Materials and methods
Human liver tissue microarray (TMA)
The human liver TMA consisting of normal livers (n = 30), chronic hepatitis (n = 10), and cirrhosis livers (n = 40) was purchased from US Biomax, Inc. (Kit no. LV805a, Rockville, MD). The TMA slides were subjected immunohistochemistry (IHC) staining of TGF-β1 and BMP-2, and quantified by using the HistoQuest immunohistochemistry analysis software (TissueGnostics) [28].
Animal models and study ethics
The animal study protocol was reviewed and approved by the Institutional Animal Care and Use Committee of the Chang Gung Memorial Hospital (Approval no. 2016092604). FVB male mice (age 7–8 weeks) weighing 25–35 g were purchased from BioLASCO Co., Ltd. (Taipei, Taiwan). All animals were housed in an animal facility (set at 22 °C, with a relative humidity of 55%, and in a 12h-light/12h-dark cycle) with sterile tap water and food available ad libitum. Mouse liver fibrosis was induced by conducting common BDL surgery or subcutaneous administration of CCl4 as previously described [27]. Liver sera and tissues were collected at 1 and 2 weeks after BDL, or at 2 and 4 weeks after initiation of CCl4 injection. Sera were subjected to biochemical parameter measurements by a standard clinical automatic analyzer, including alanine aminotransferase (ALT), aspartate aminotransferase (AST), alkaline phosphatase (ALP), direct, and total bilirubin. Liver tissues were dissected, snap frozen, and stored at −80 ℃ for extracting total RNA, tissue lysates, and further molecular detection.

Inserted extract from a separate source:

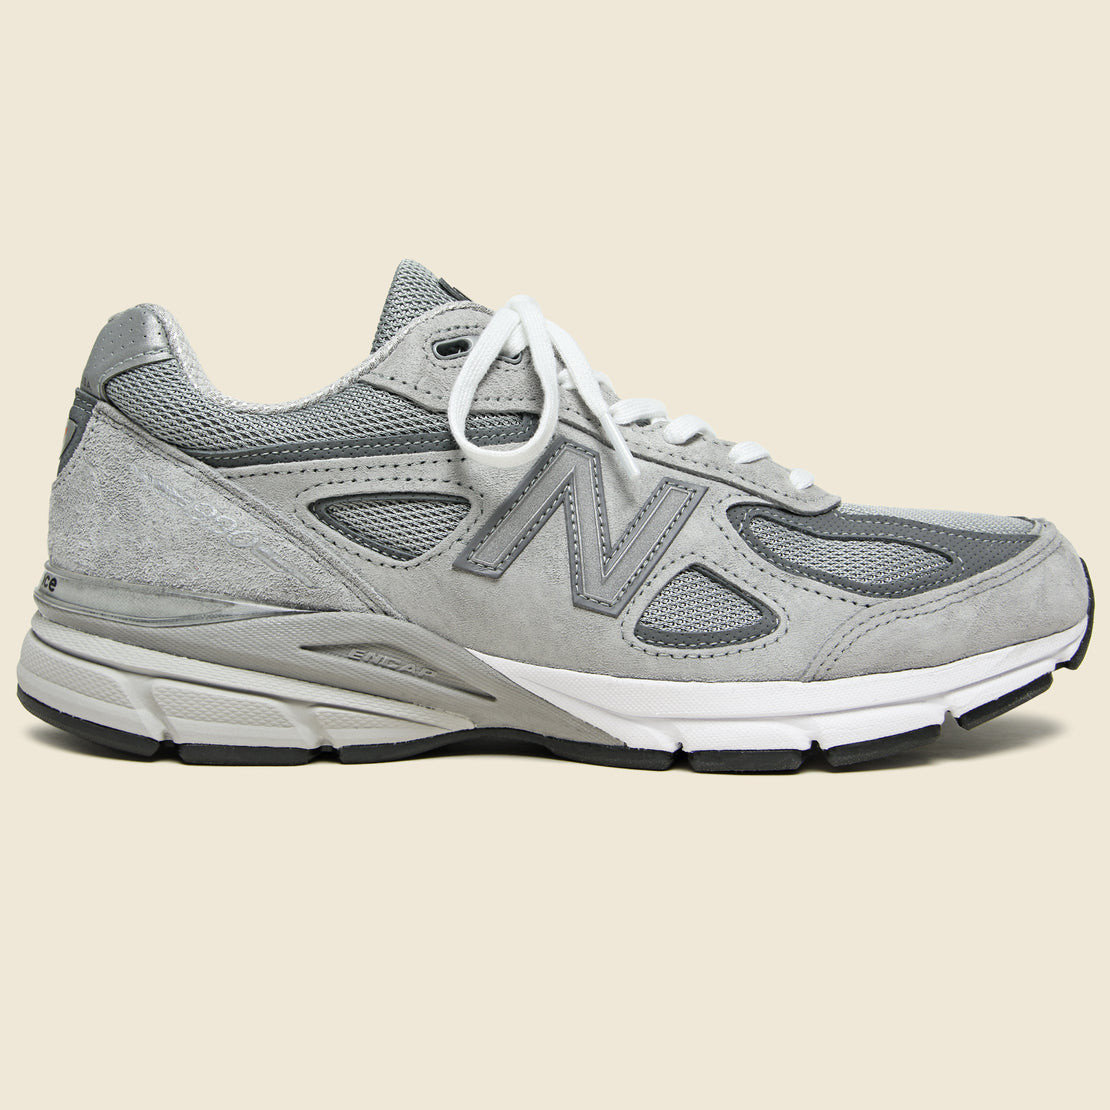 New Balance 990v4 Sneaker - Grey/Castlerock

Cloning, expression, and purification of adenoviruses for gene delivery
To evaluate the anti-fibrotic effect of BMP-2, gene delivery administration was performed at 24 h prior to the day of CCl4 injection or BDL surgery. The replication-deficient, recombinant adenoviruses containing green fluorescent protein (Ad-GFP) and BMP-2 genes (Ad-BMP-2) were generated as previously described [29]. In brief, 30 μl of 1 × 109 plaque-forming units (pfu)/ml of Ad-GFP or Ad-BMP-2, which was stored in 10% glycerol and diluted in saline immediately before use, were injected into the tail veins using a 27 G needle under anesthesia.
Reverse transcription and quantitative polymerase chain reaction (RT-qPCR)
To quantify the mRNA levels of BMP-2 and TGF-β1 in the liver, we isolated total RNA performed RT reaction and qPCR as previously described [27]. The primer sequences were as follows: β-actin, 5’-TCACCCACACTGTGCCCATCTACGA-3’ (forward) and 5’-CAGCGGAACCGCTCATTGCCAATGG-3’ (reverse); TGF-β1, 5’-CGTCAGACATTCGGGAAGC-3’ (forward) and 5’-CAGCCACTCAGGCGTATCA-3’ (reverse); BMP-2, 5’-GGGTGGAATGACTGGATCG-3’ (forward) and 5’-ATGGCATGGTTAGTGGAGTT-3’ (reverse).
Western blot analysis
Protein lysates were prepared from mouse liver tissue samples or cells in 1 × radio immunoprecipitation assay lysis buffer (Cell Signaling Technology, Billerica, MA). Protein concentrations were measured using a protein assay dye (Bio-Rad Laboratories, Hercules, CA). SDS-PAGE and immunoblotting analysis were performed as described previously [30]. The detecting antibodies were raised against BMP-2 (ab6285, abcam, UK), TGF-β1 (ab92486, abcam), TGF-β1 receptor I (ab31013, abcam), TGF-β1 receptor II (ab186838, abcam), GAPDH (GTX627408, GeneTex, SA), phospho-Smad3 (pSmad3; ab51451, abcam), Smad3 (ab40854, abcam), fibronectin (ab2413, abcam), E-cadherin (ab76055, abcam), vimentin (2707-1 epitomics), and β-actin (sc-1615, Santa Cruz).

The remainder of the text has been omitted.